- Data shown
'''

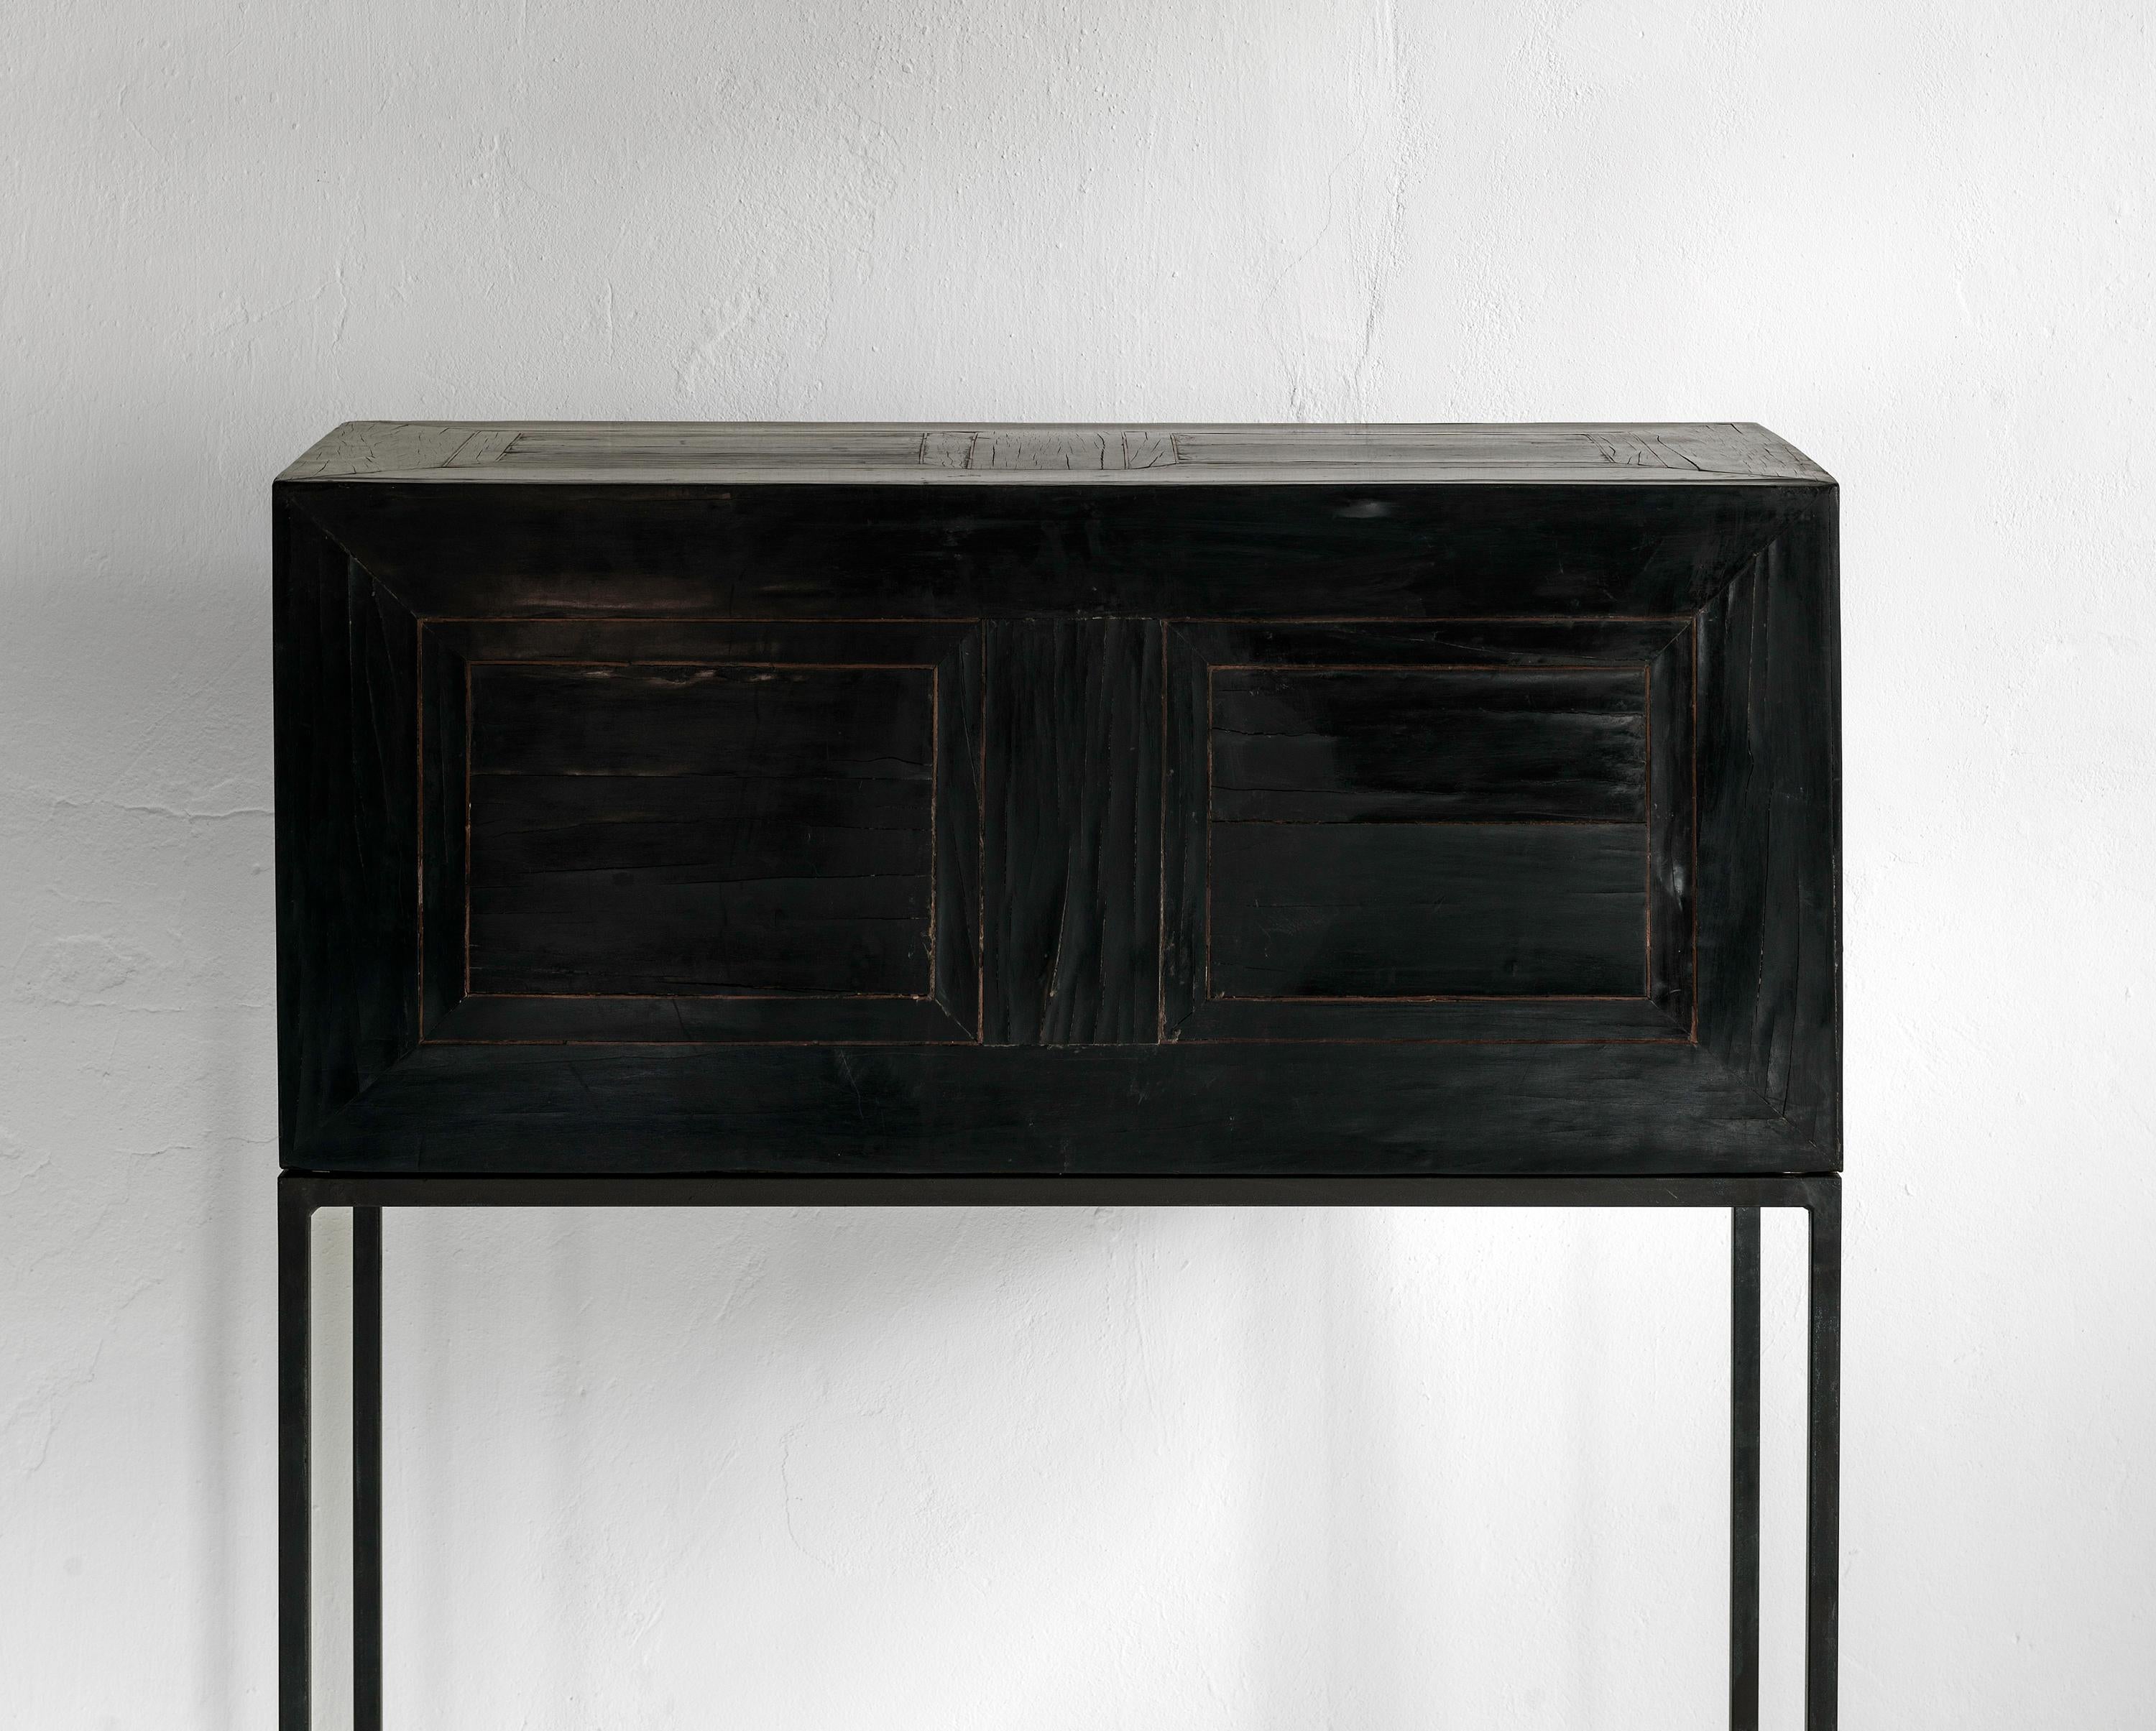 Belgian Elegant Minimalistic 17th Century Ebonized Cabinet on a Contemporary Steel Stand For Sale
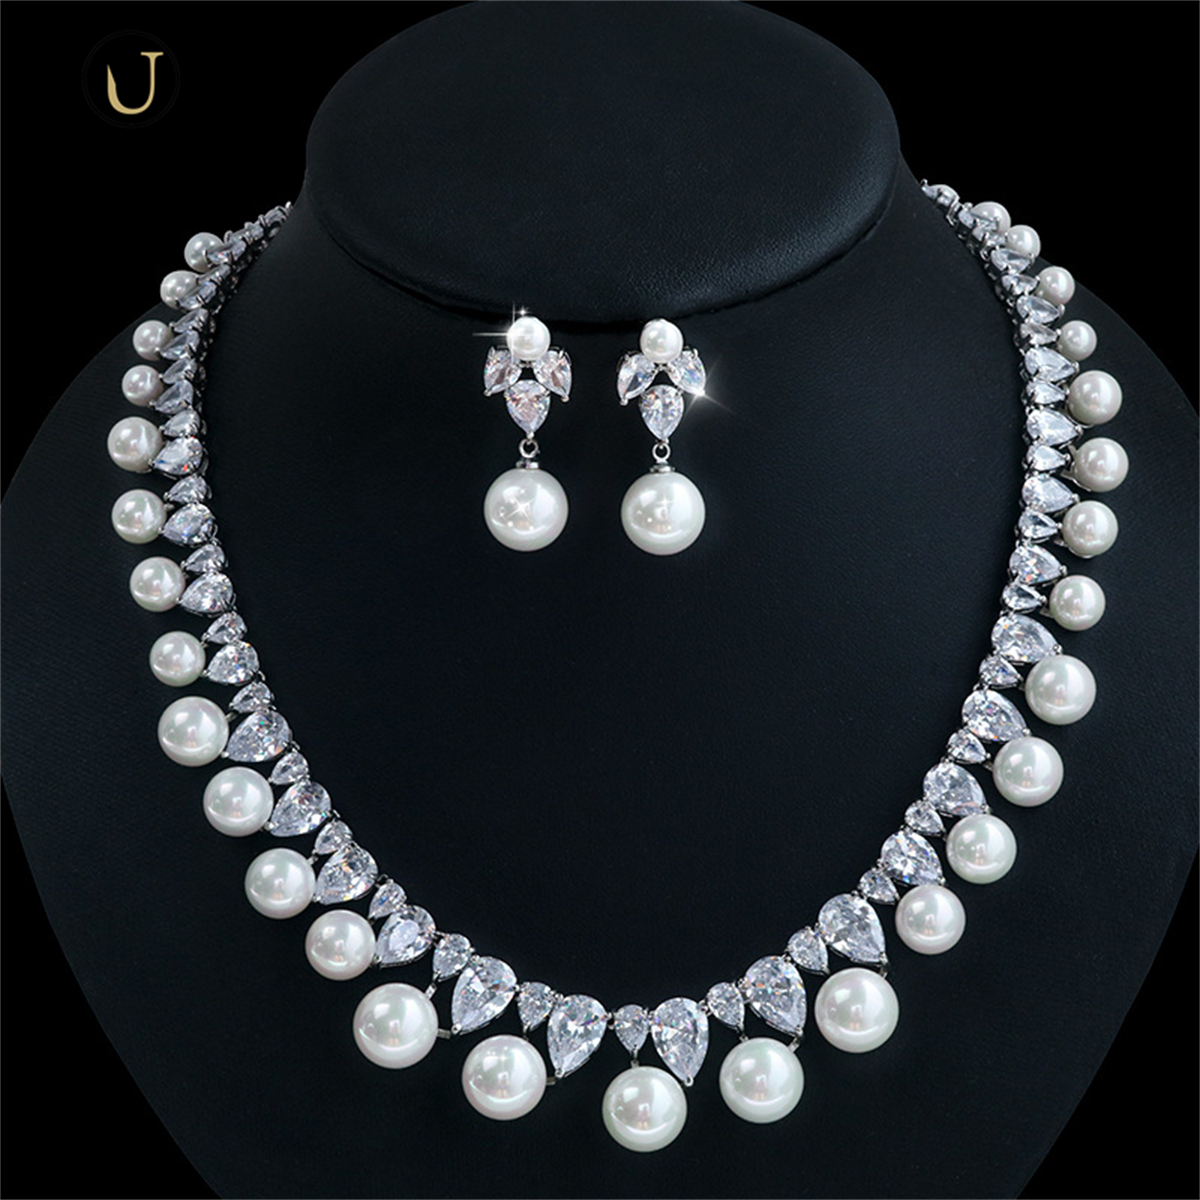 Votum S925 Sterling Silver Gold Plated Freshwater Pearl Moissanite Necklace Earring Jewelry Set
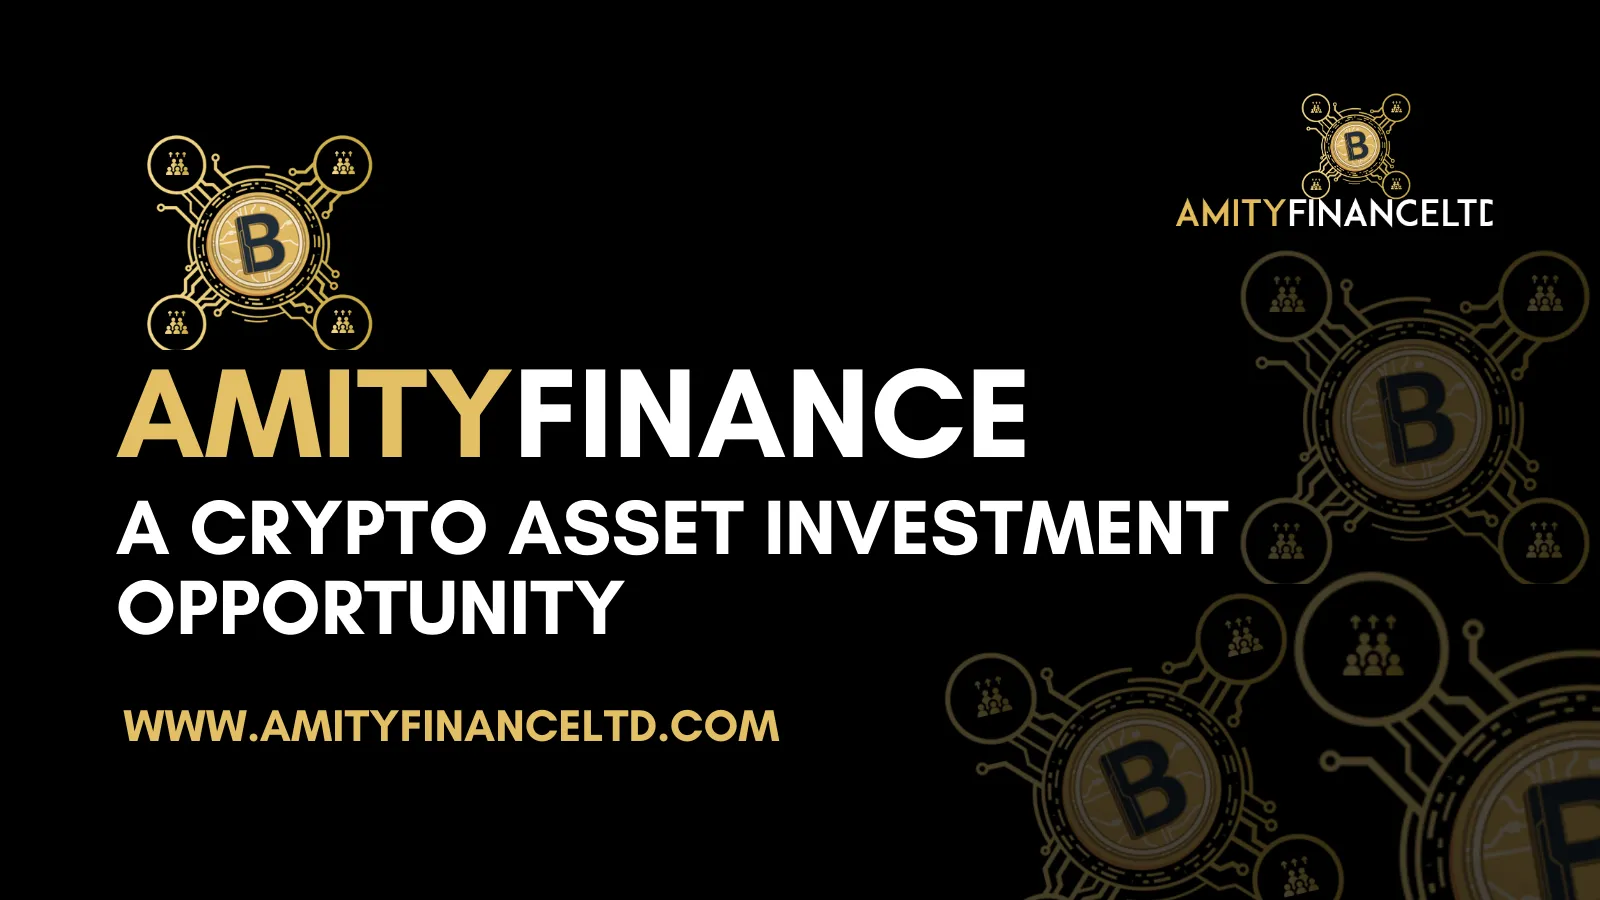 Introducing AmityFinanceLtd — A Crypto Asset Investment Opportunity

'''

- Problem to work on
What you give back must be the data above, reproduced exactly and free of pictures.

- Response below
 Belgian Elegant Minimalistic 17th Century Ebonized Cabinet on a Contemporary Steel Stand For Sale
 Votum S925 Sterling Silver Gold Plated Freshwater Pearl Moissanite Necklace Earring Jewelry Set
 Introducing AmityFinanceLtd — A Crypto Asset Investment Opportunity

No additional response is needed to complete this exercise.